Model variance for ARIMA models

Date

4 March 2016

Topics

forecasting

statistics

time series

From today’s email:

I wanted to ask you about your R forecast package, in particular the Arima() function. We are using this function to fit an ARIMAX model and produce model estimates and standard errors, which in turn can be used to get p-values and later model forecasts. To double check our work, we are also fitting the same model in SAS using PROC ARIMA and comparing model coefficients and output.

However, we have discovered that, while the model coefficient estimates are very similar with negligible differences, the standard errors of those coefficients are noticeably different, off by as much as 8%. After some careful analysis, we discovered that the model variance is apparently computed differently in SAS versus R.

SAS computes the model variance as (sum of squared residuals) / (# residuals - # model parameters).

R computes the model variance as (sum of squared residuals) / (# residuals).

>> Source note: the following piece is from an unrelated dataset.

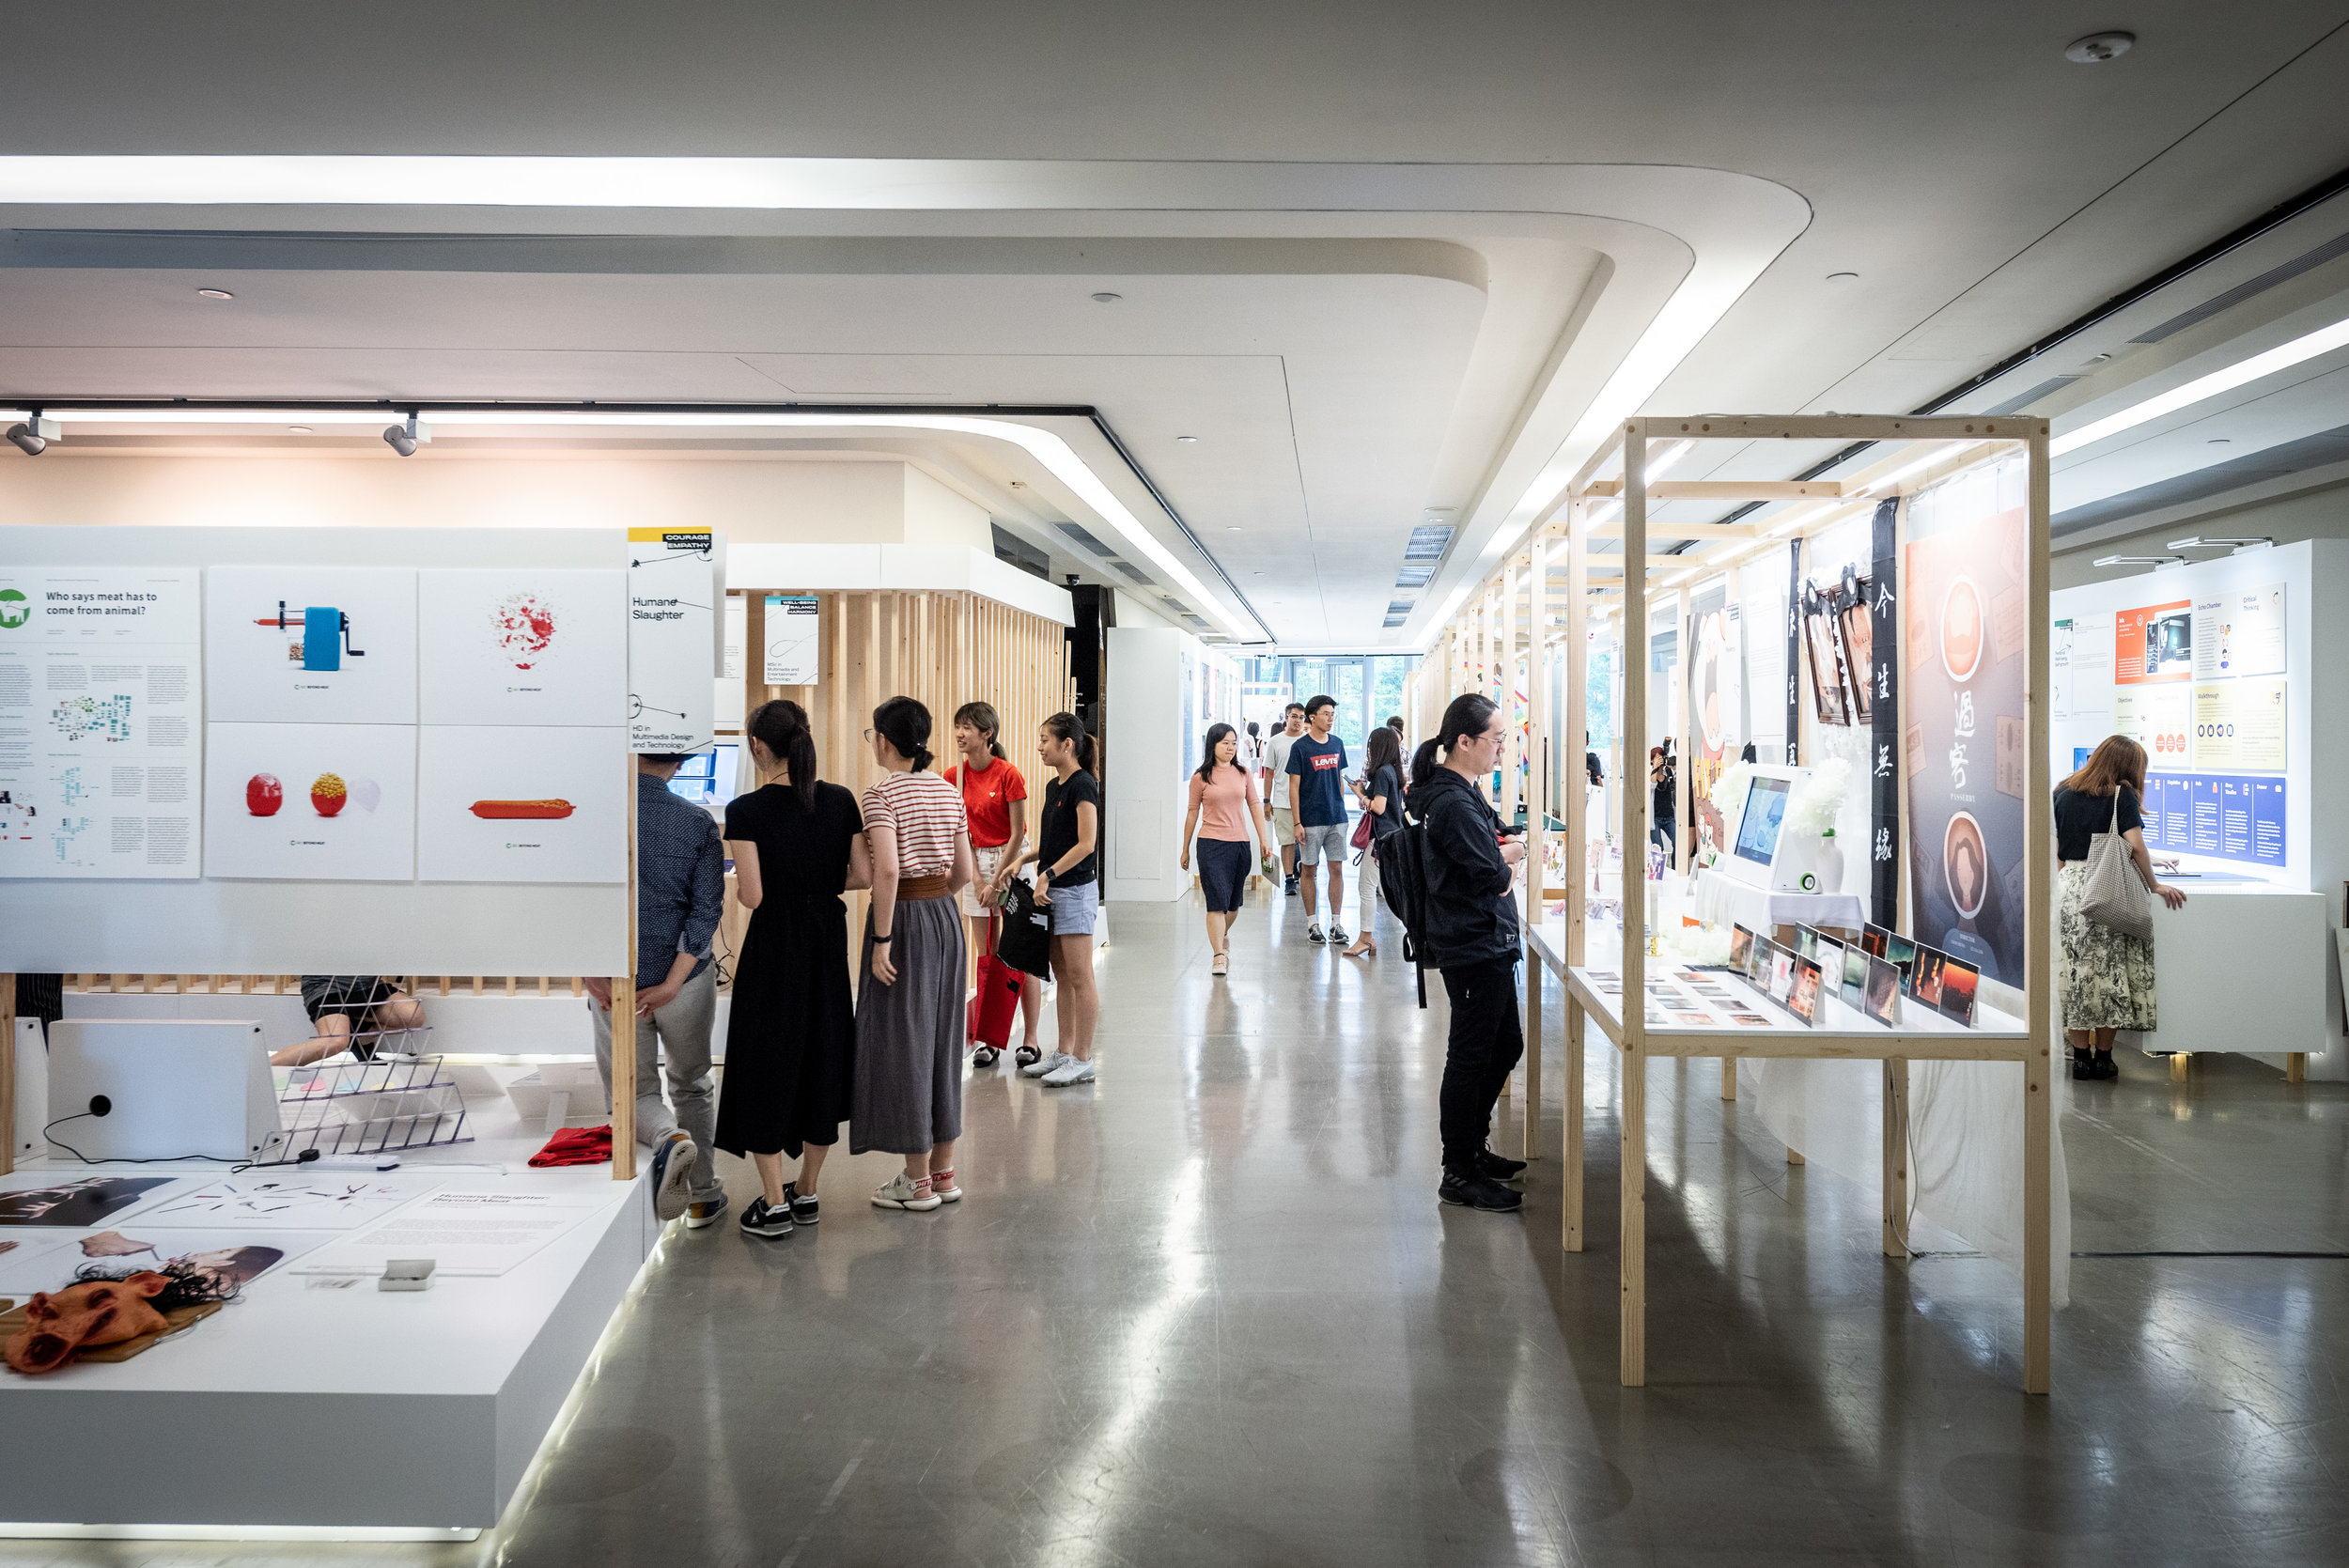 20190619 Poly U design school opening (192 of 219).jpg
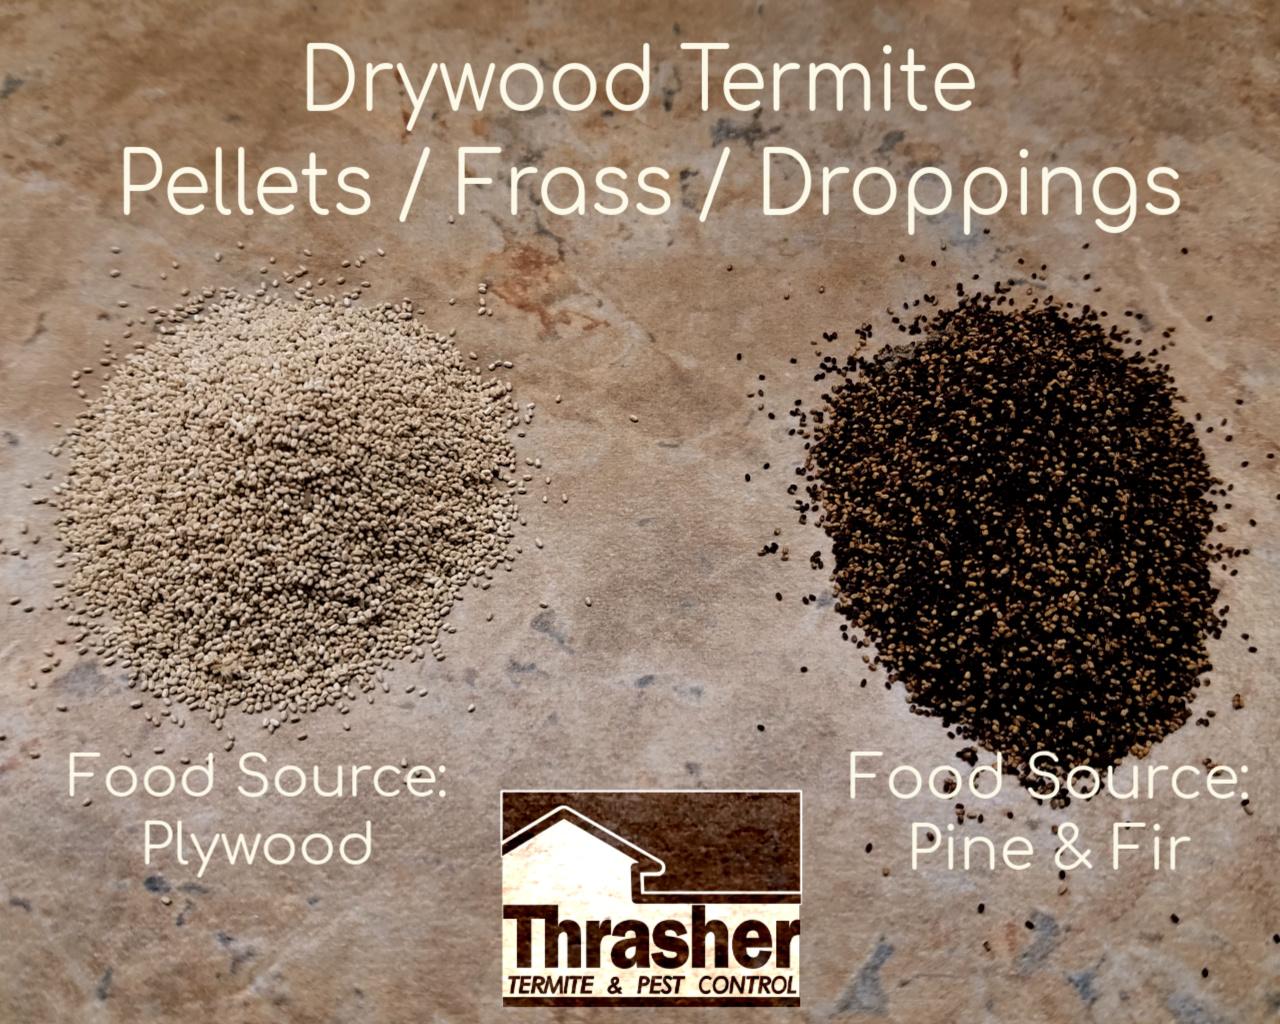 Drywood Termite Droppings Comparison

Consequently, R’s model variance is always a bit smaller than SAS’s, which in turn leads to different coefficient standard errors and p-values, as well as confidence intervals for the model forecasts. Are we correct about this observation in R, and if so, why does it compute the variance differently? My understanding from time series textbooks is that model variance’s denominator is degrees of freedom, which would be how SAS handles it. Or is R’s method also an acceptable way of computing it? If so, do you know of a publication that backs this up?

My response:

The Arima() and auto.arima() functions from the forecast package call the arima() function from the stats package. The arima() function in R uses the MLE estimate of the residual variance which has denominator T, where T is the number of residuals. The SAS variance is the least squares estimate of the residual variance. Both are consistent estimators, but the MLE estimator is biased. Both estimators are discussed in Brockwell and Davis’s textbook.

It would probably be better to use the unbiased estimator, and it would certainly improve the coverage of the prediction intervals. I might make this change in future versions of the Arima and auto.arima functions from the forecast package. I have no control over the arima function from the stats package.

Just one other point. You mean “prediction intervals”, not “confidence intervals”. There is a difference.